Kerberos Support for On-prem Kerberized Oracle databases

[aadishsanghvi]

Describe the Feature

I am trying to use this adapter to connect to my Oracle database which only supports kerberos for authentication and username/password is not supported. Can we please add this feature to the adapter or show me how to leverage this if already implemented ?

Describe alternatives you've considered

No response

Who will this benefit?

All users of a kerberized Oracle database

Anything else?

No response

[aosingh]

We are investigating this.

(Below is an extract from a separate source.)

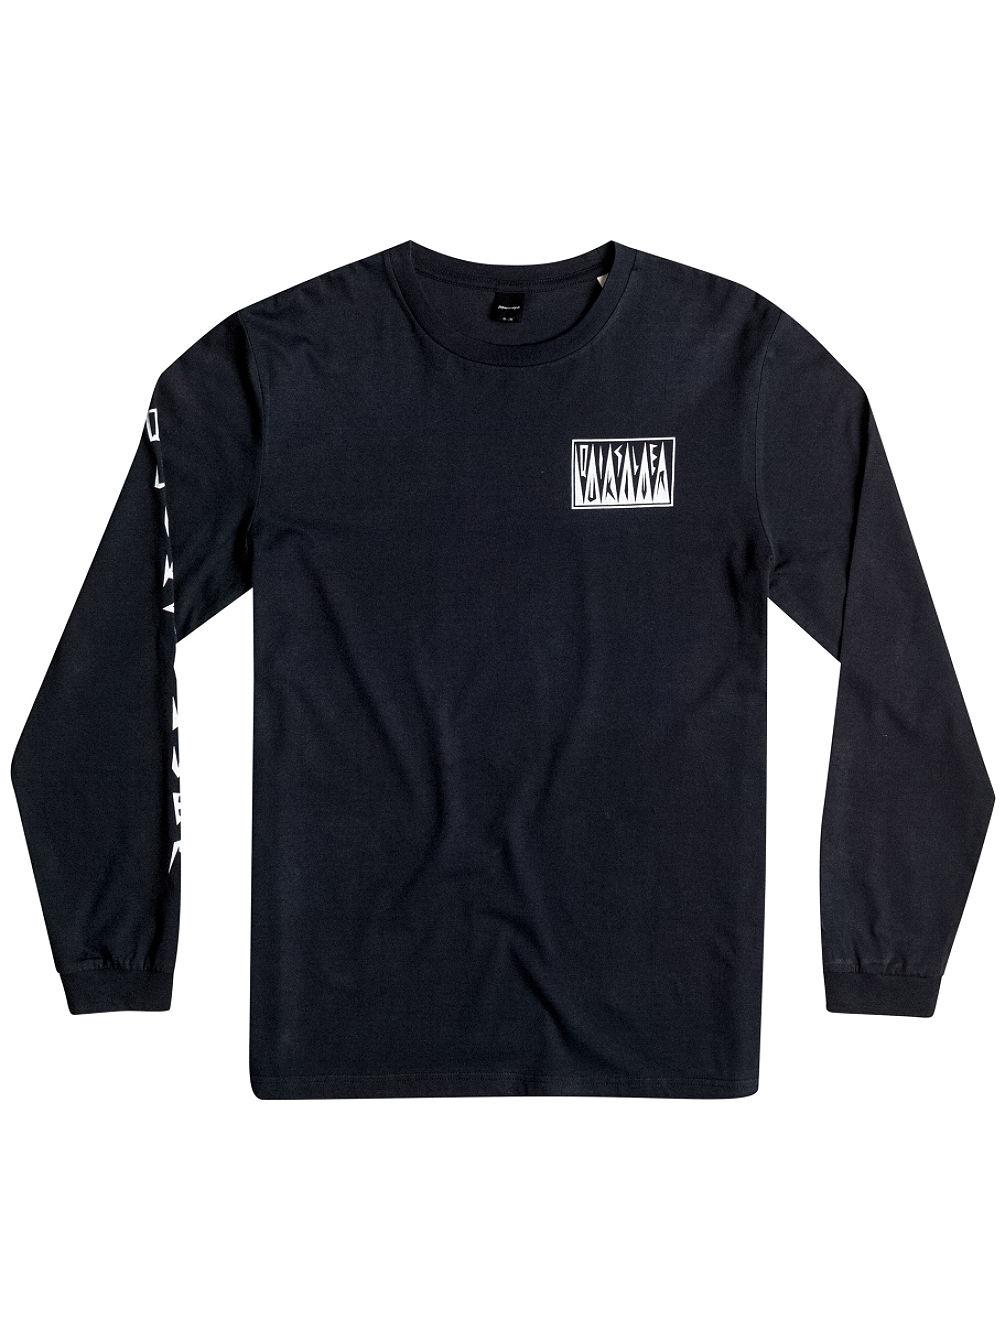 pm-afro-logo-t-shirt-ls

We use python-oracledb as the underlying database driver. So, any external authentication method needs to be supported by the driver

[aadishsanghvi]

As I understand python-oracledb does support kerberos auth in thick mode

[aosingh]

@aadishsanghvi

Could you let me know how do you connect to Oracle Database using SQLPlus and Kerberos Authentication ? I am interested in understanding the SQL net configuration used. Also, have you tried the thick mode ?

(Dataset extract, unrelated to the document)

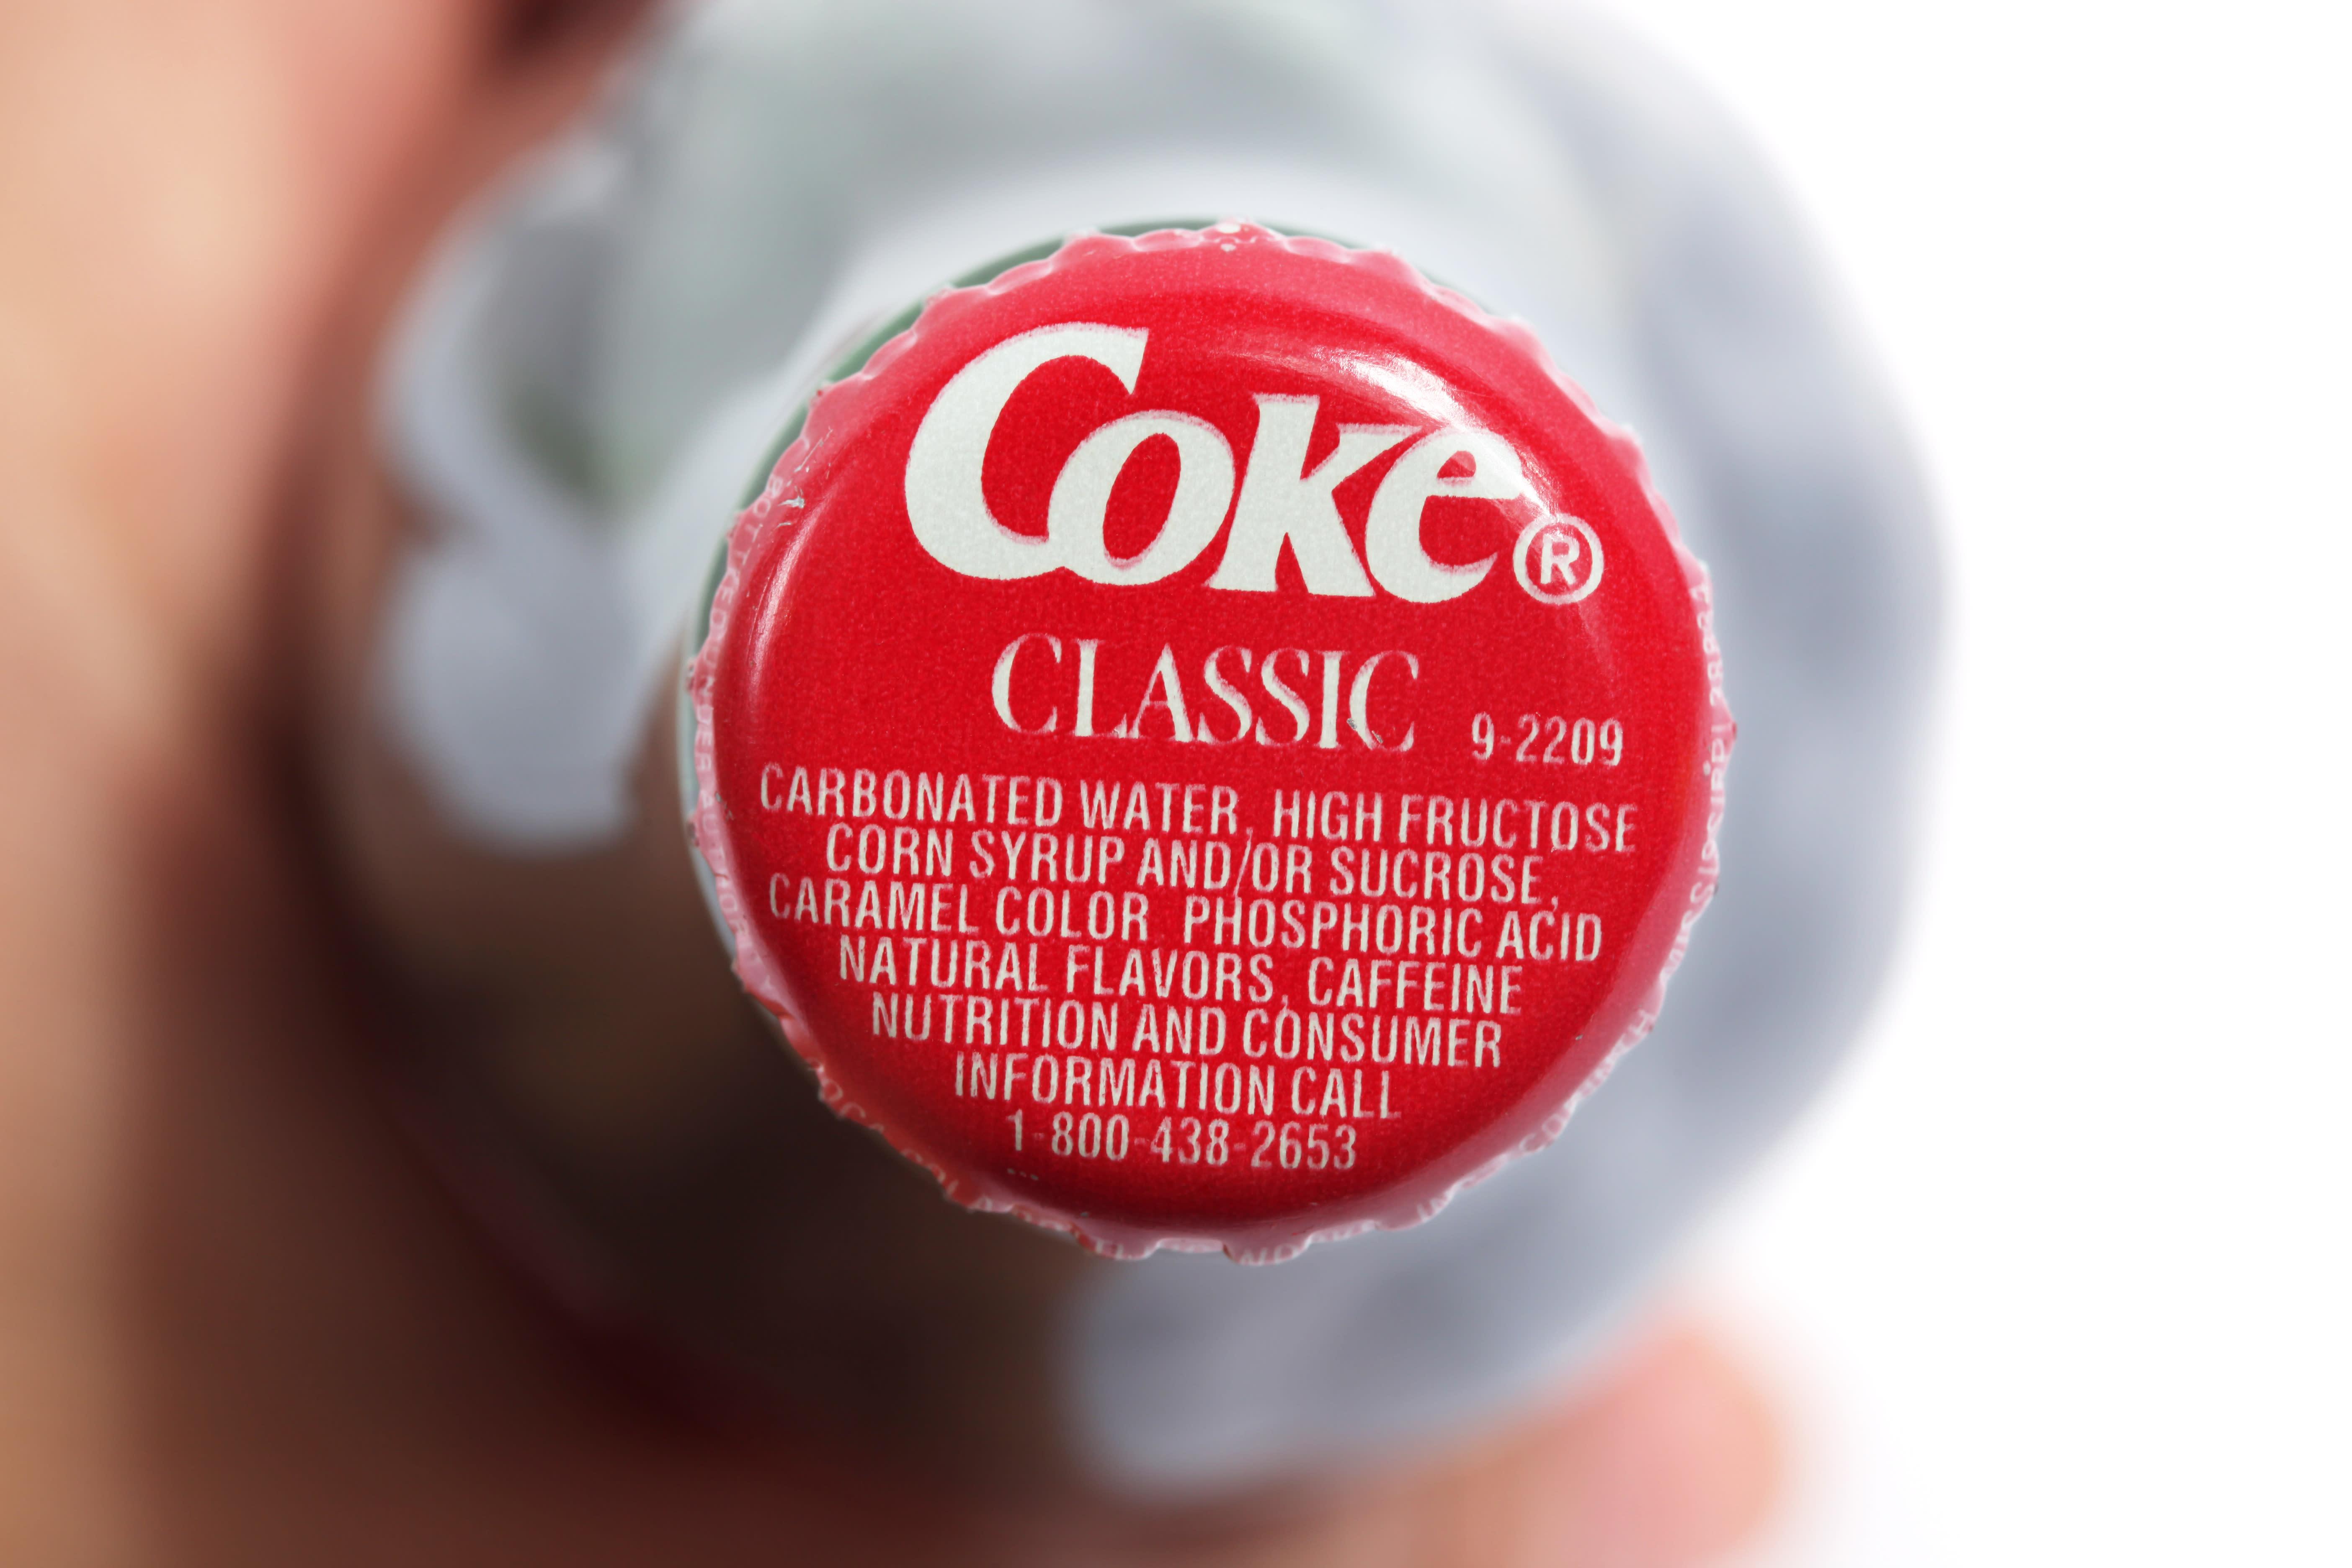 Coke beating earnings raises revenue forecast for the beverage company

I am trying to setup Kerberos instance to test the setup but that might take a few days.

[aadishsanghvi]

I am not sure about sql plus. but I have an oracle instance which supports only kerberos authentication, I was able to connect to it using cx_Oracle which is also a python library very similar to python-oracledb, this requires an instant client which has a sqlnet.ora file configuration pointing to the location of your krb5.conf file and the keberos credential cache file, then you use the drivers provided by the cx_oracle and define your instance's dsn etc etc.

[aosingh]

@aadishsanghvi

I know of cx_Oracle and python-oracledb. Could you share the code using cx_Oracle to connect using Kerberos ?

[aadishsanghvi]

Hi Sorry for the delay.

firstly make sure you have a thick client installed on your system, then add a sqlnet.ora file with following configs in this directory of your client - oracle_client_21_basic\instantclient_21_9\network\admin

config of sqlnet.ora
SQLNET.AUTHENTICATION_KERBEROS5_SERVICE = oracle
SQLNET.AUTHENTICATION_SERVICES= (KERBEROS5)
SQLNET.KERBEROS5_CC_NAME = ${KRB5CCNAME} // credential cache
SQLNET.KERBEROS5_CONF = ${KRB5_CONFIG} // krb5 config
sqlnet.kerberos5_conf_mit=true

set the env variable ORACLE_HOME= oracle_client_21_basic\instantclient_21_9

python set up-

ORA_SRVR = <your_host_name>'
ORA_PORT = '<port_number>'
ORA_SRVC = '<service_name>'

DB_DSN = cx_Oracle.makedsn(ORA_SRVR, ORA_PORT, service_name=ORA_SRVC)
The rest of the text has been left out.